■ What you are asked to do
Give the data again exactly, without its images.

■ Recorded data
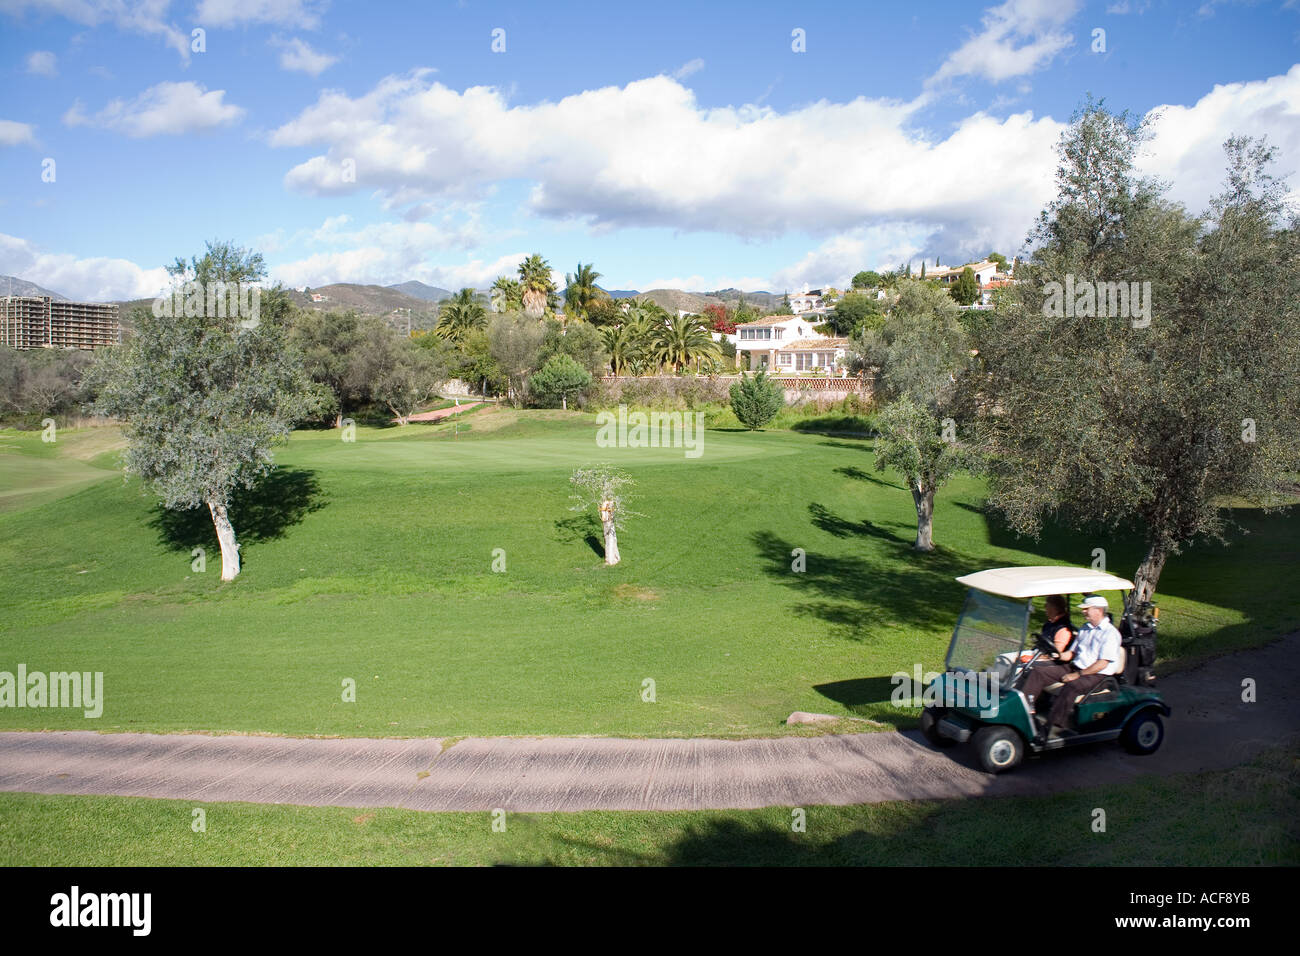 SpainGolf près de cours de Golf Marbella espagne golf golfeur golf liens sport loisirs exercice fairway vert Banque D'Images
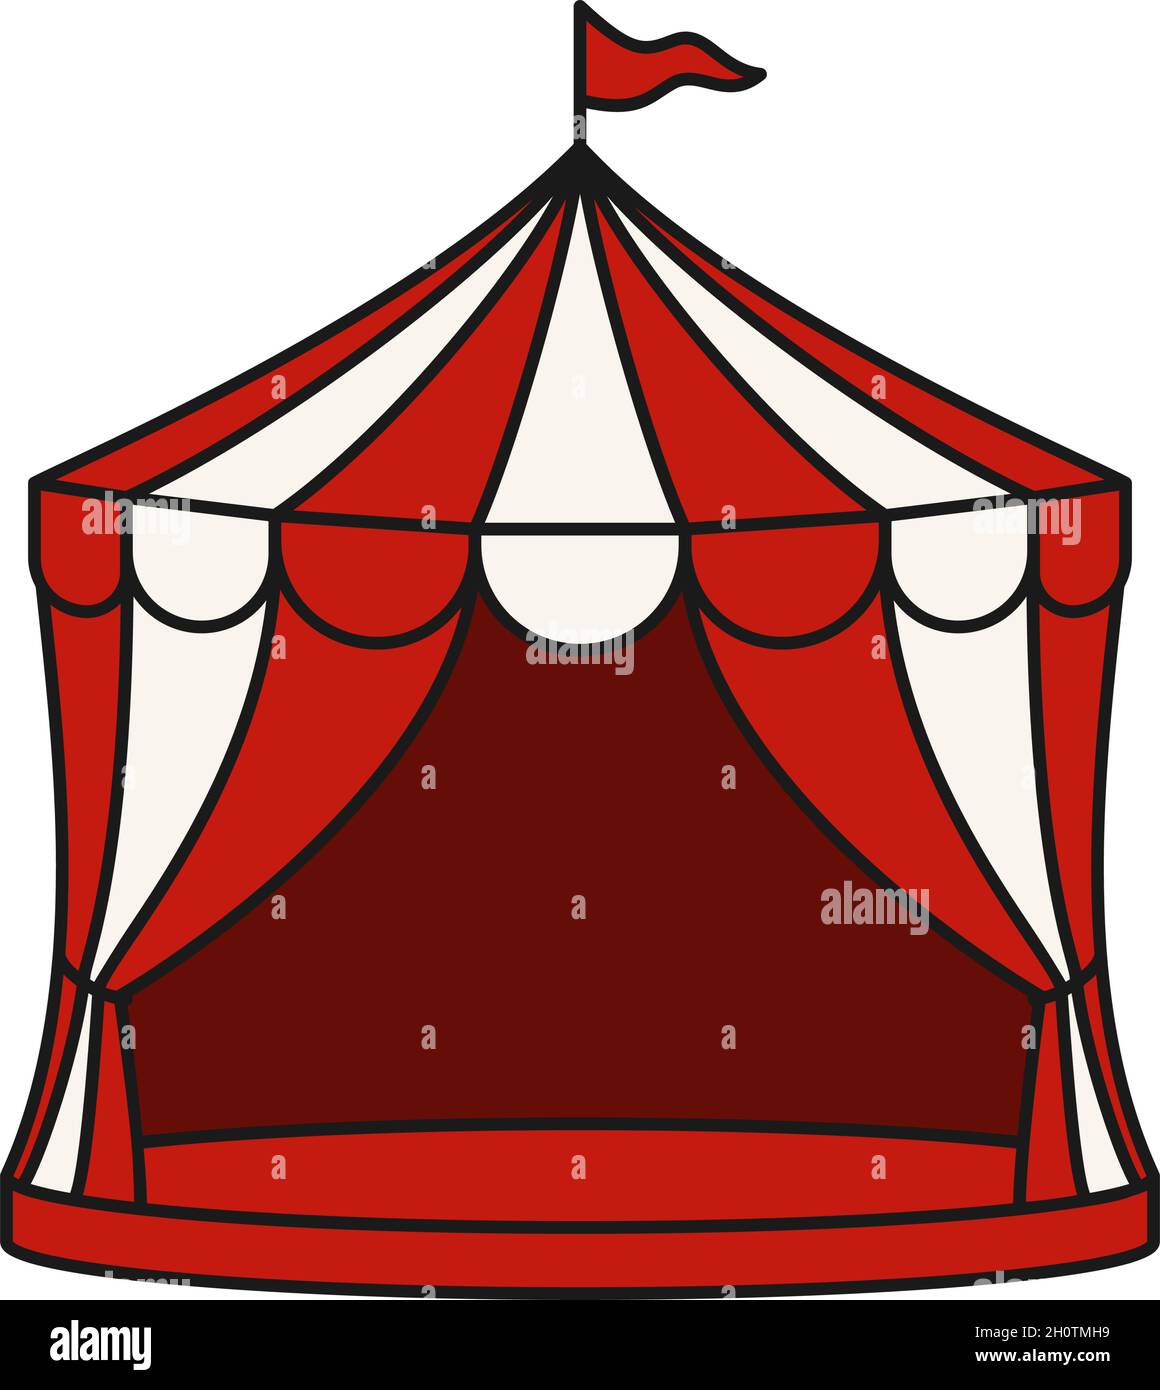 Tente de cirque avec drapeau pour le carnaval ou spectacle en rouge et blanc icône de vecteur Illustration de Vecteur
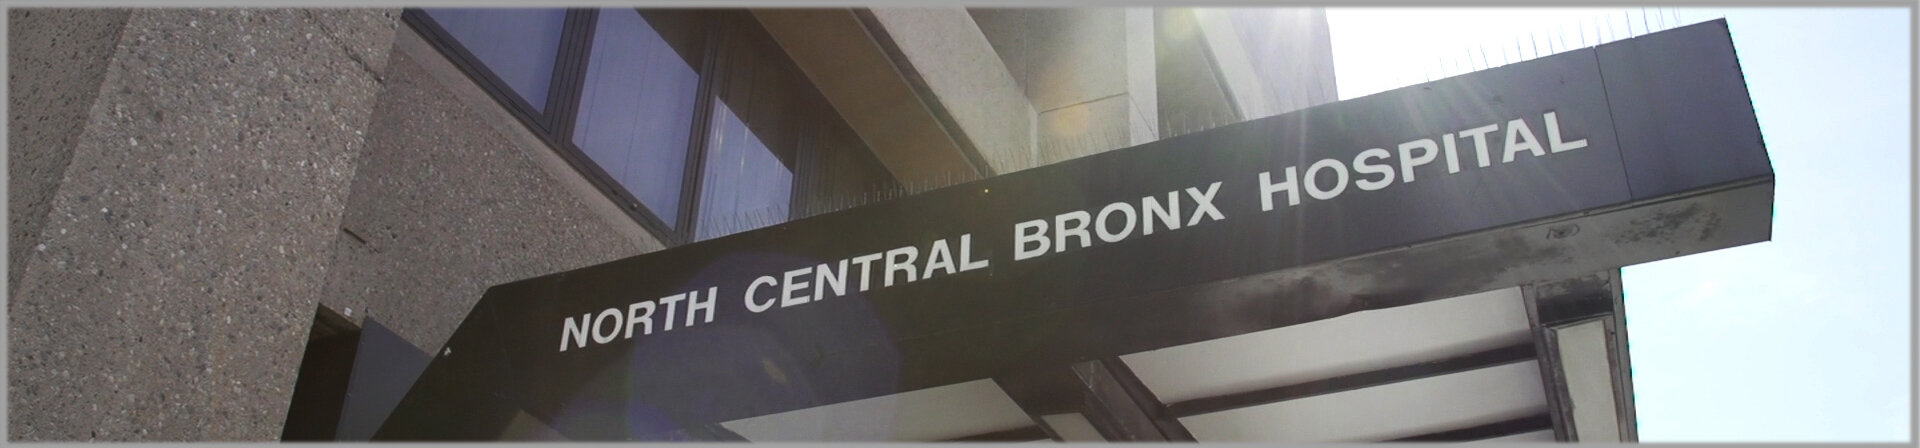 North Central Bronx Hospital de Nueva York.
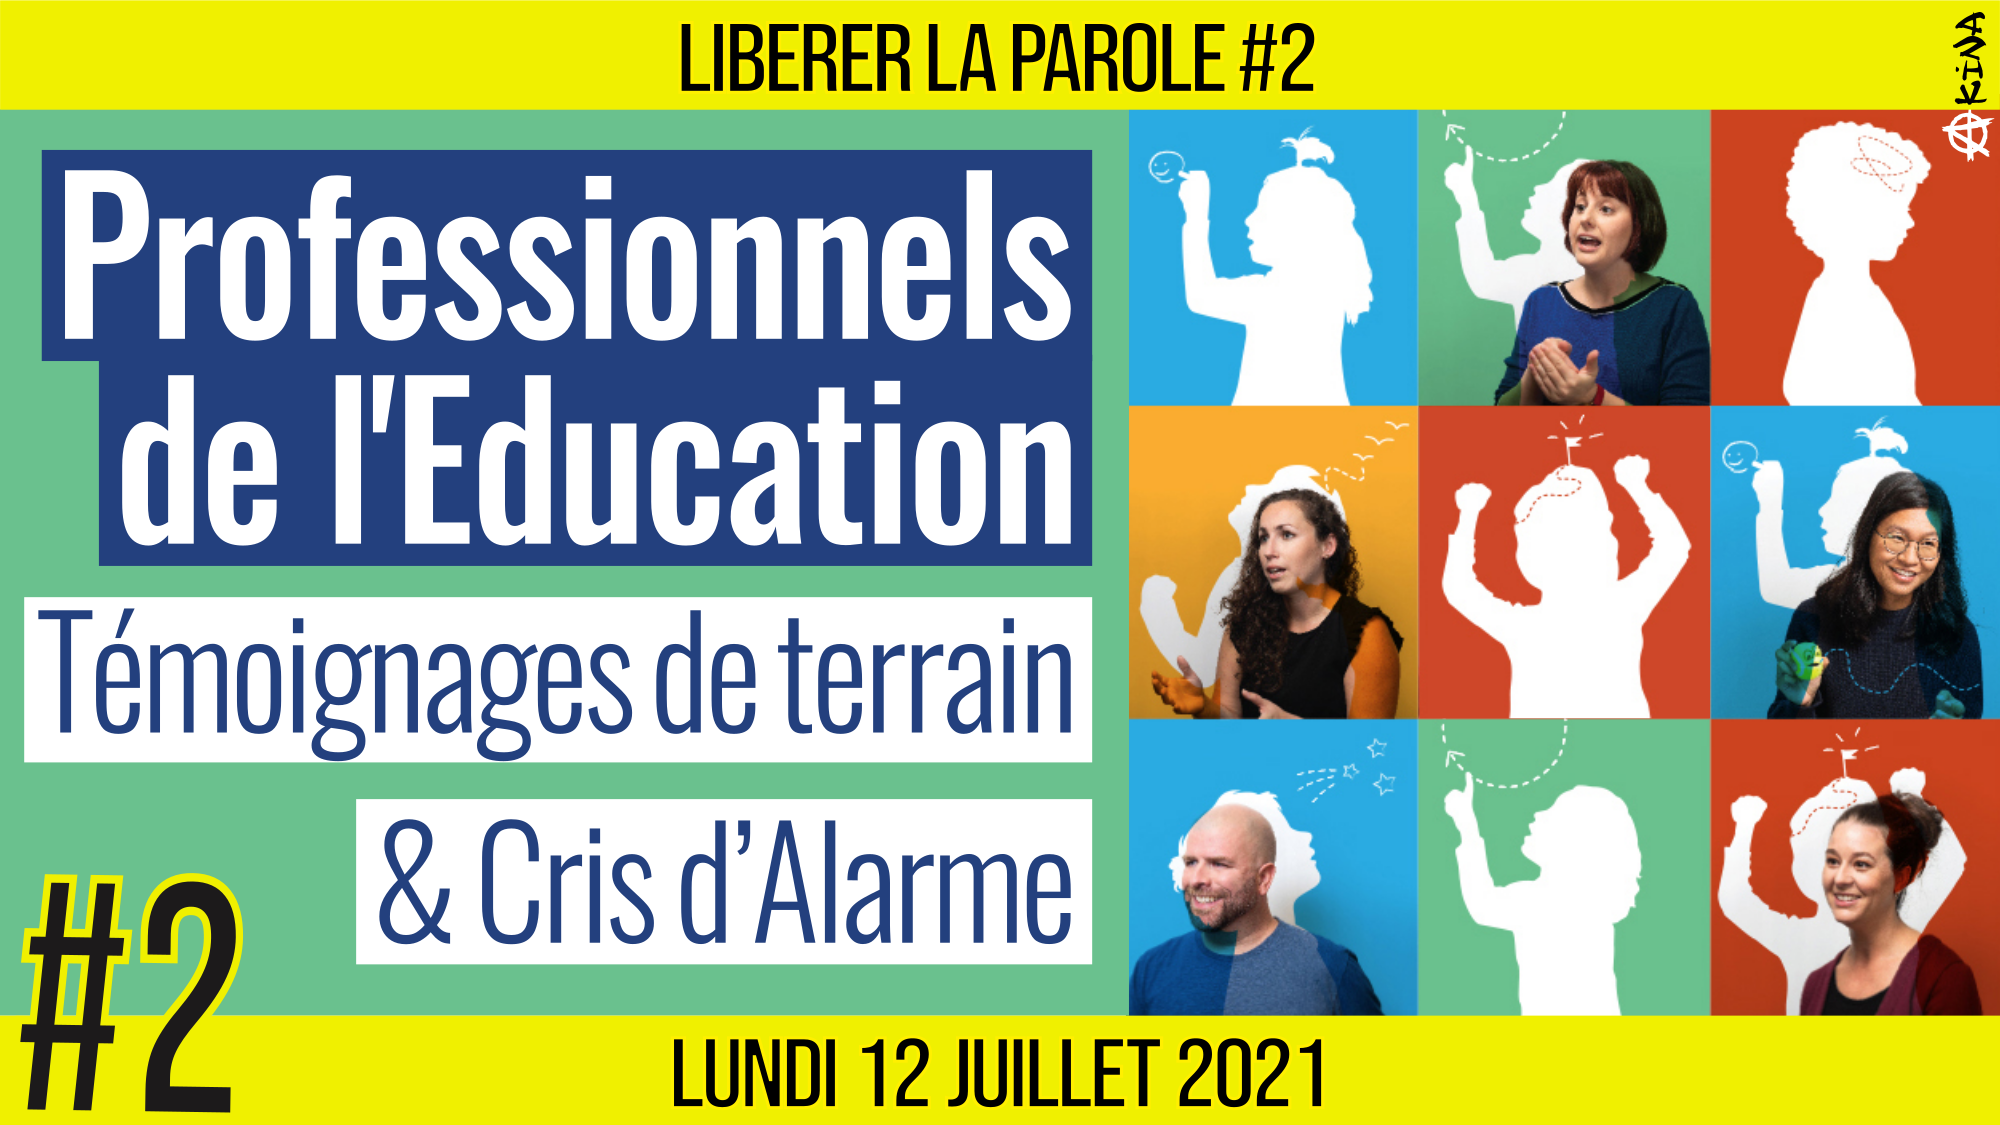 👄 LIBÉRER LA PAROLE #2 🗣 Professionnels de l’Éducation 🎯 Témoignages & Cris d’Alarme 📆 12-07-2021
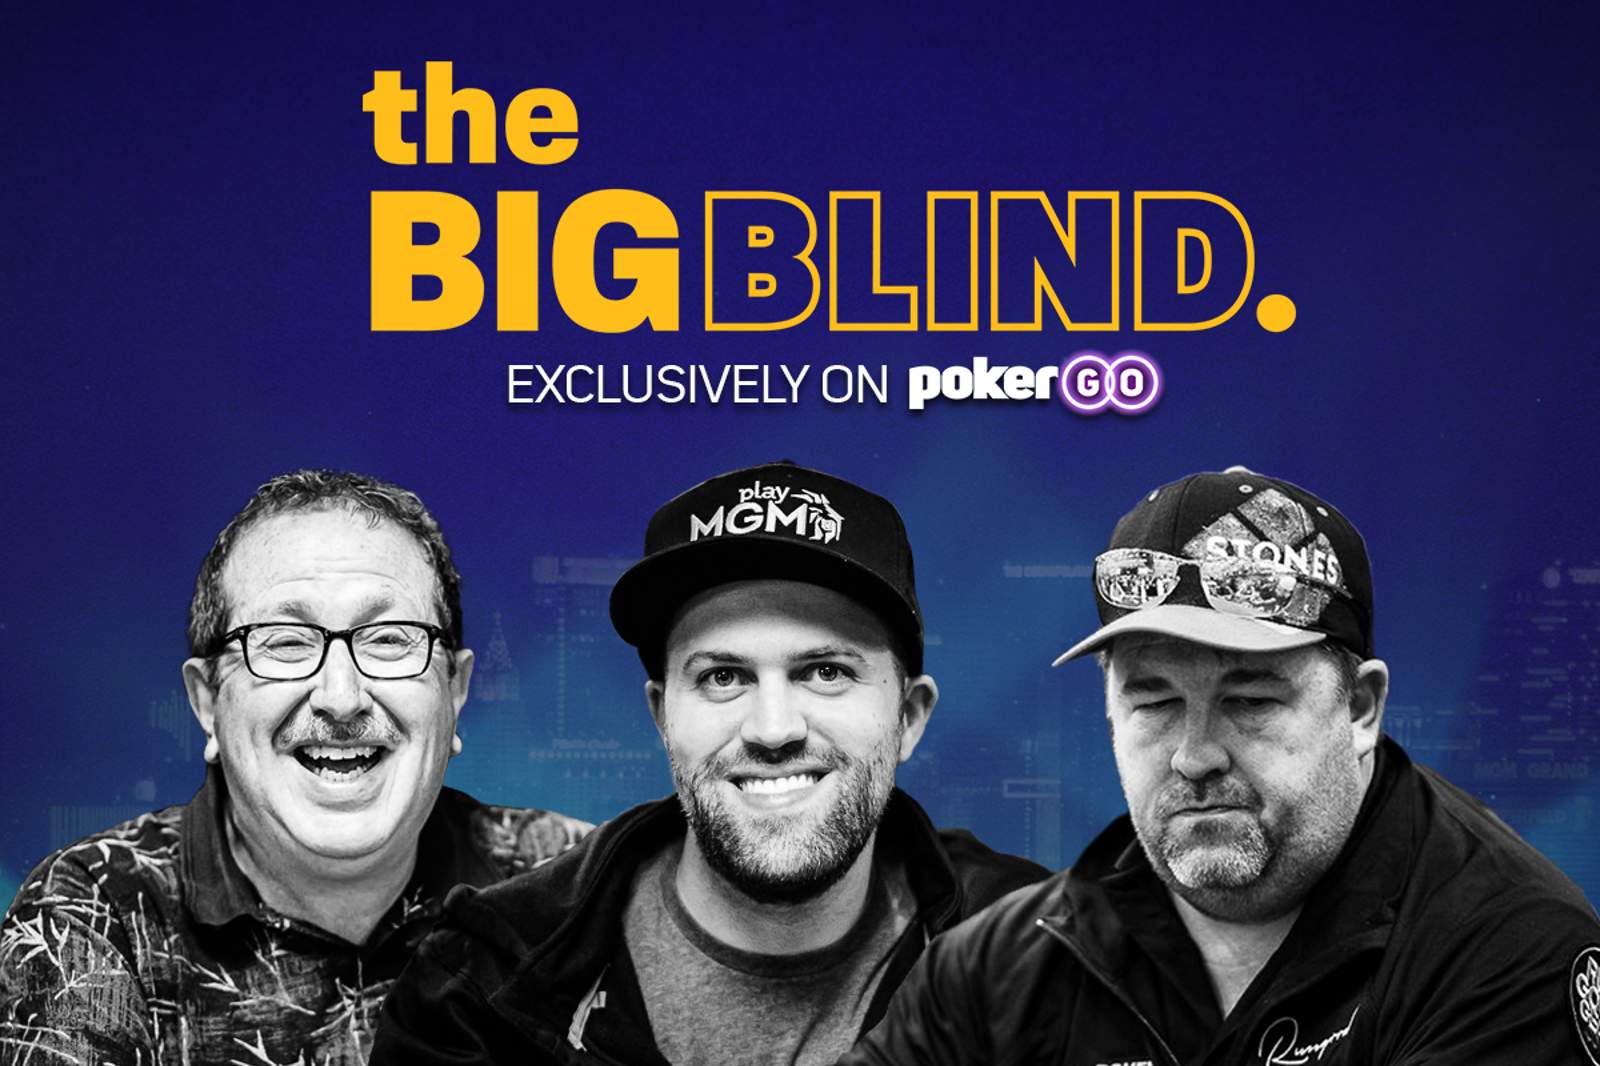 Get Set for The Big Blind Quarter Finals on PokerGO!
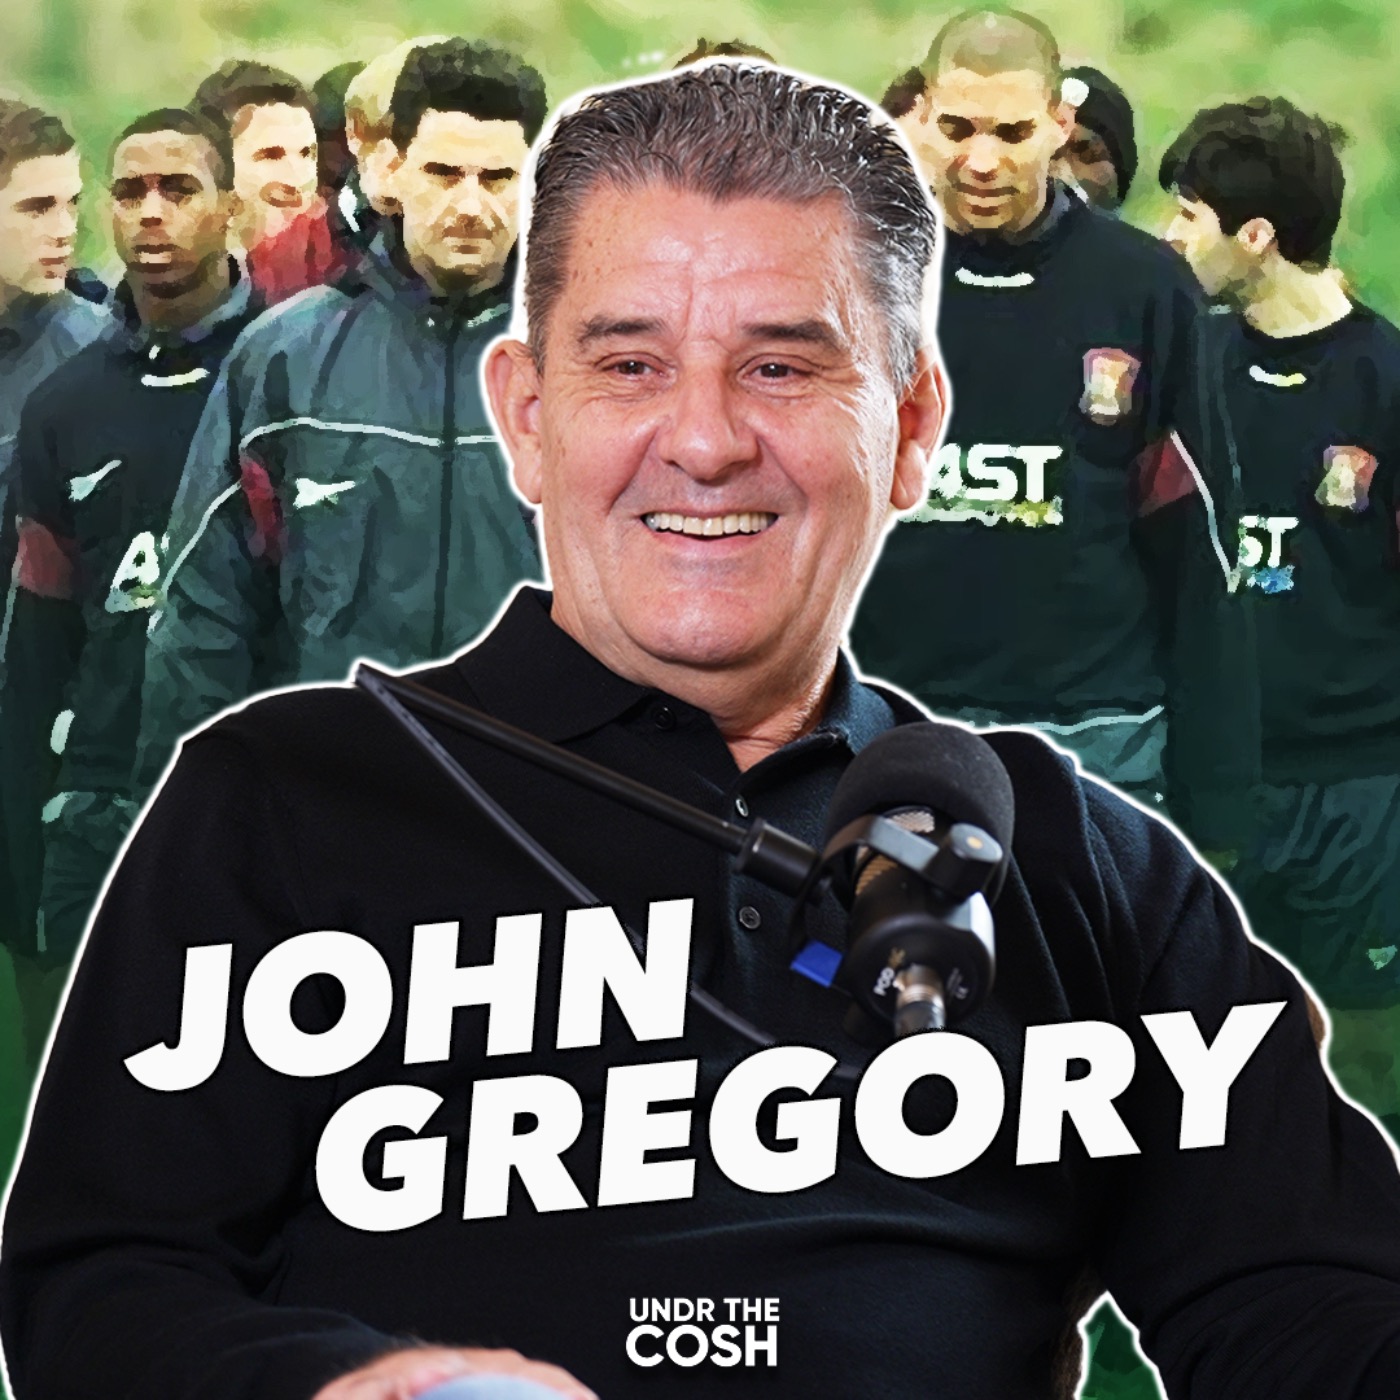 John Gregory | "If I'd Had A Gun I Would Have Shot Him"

■ Answer space
 SpainGolf près de cours de Golf Marbella espagne golf golfeur golf liens sport loisirs exercice fairway vert Banque D'Images
 Tente de cirque avec drapeau pour le carnaval ou spectacle en rouge et blanc icône de vecteur Illustration de Vecteur
 North Central Bronx Hospital de Nueva York.
 👄 LIBÉRER LA PAROLE #2 🗣 Professionnels de l’Éducation 🎯 Témoignages & Cris d’Alarme 📆 12-07-2021
 Get Set for The Big Blind Quarter Finals on PokerGO!
 John Gregory | "If I'd Had A Gun I Would Have Shot Him"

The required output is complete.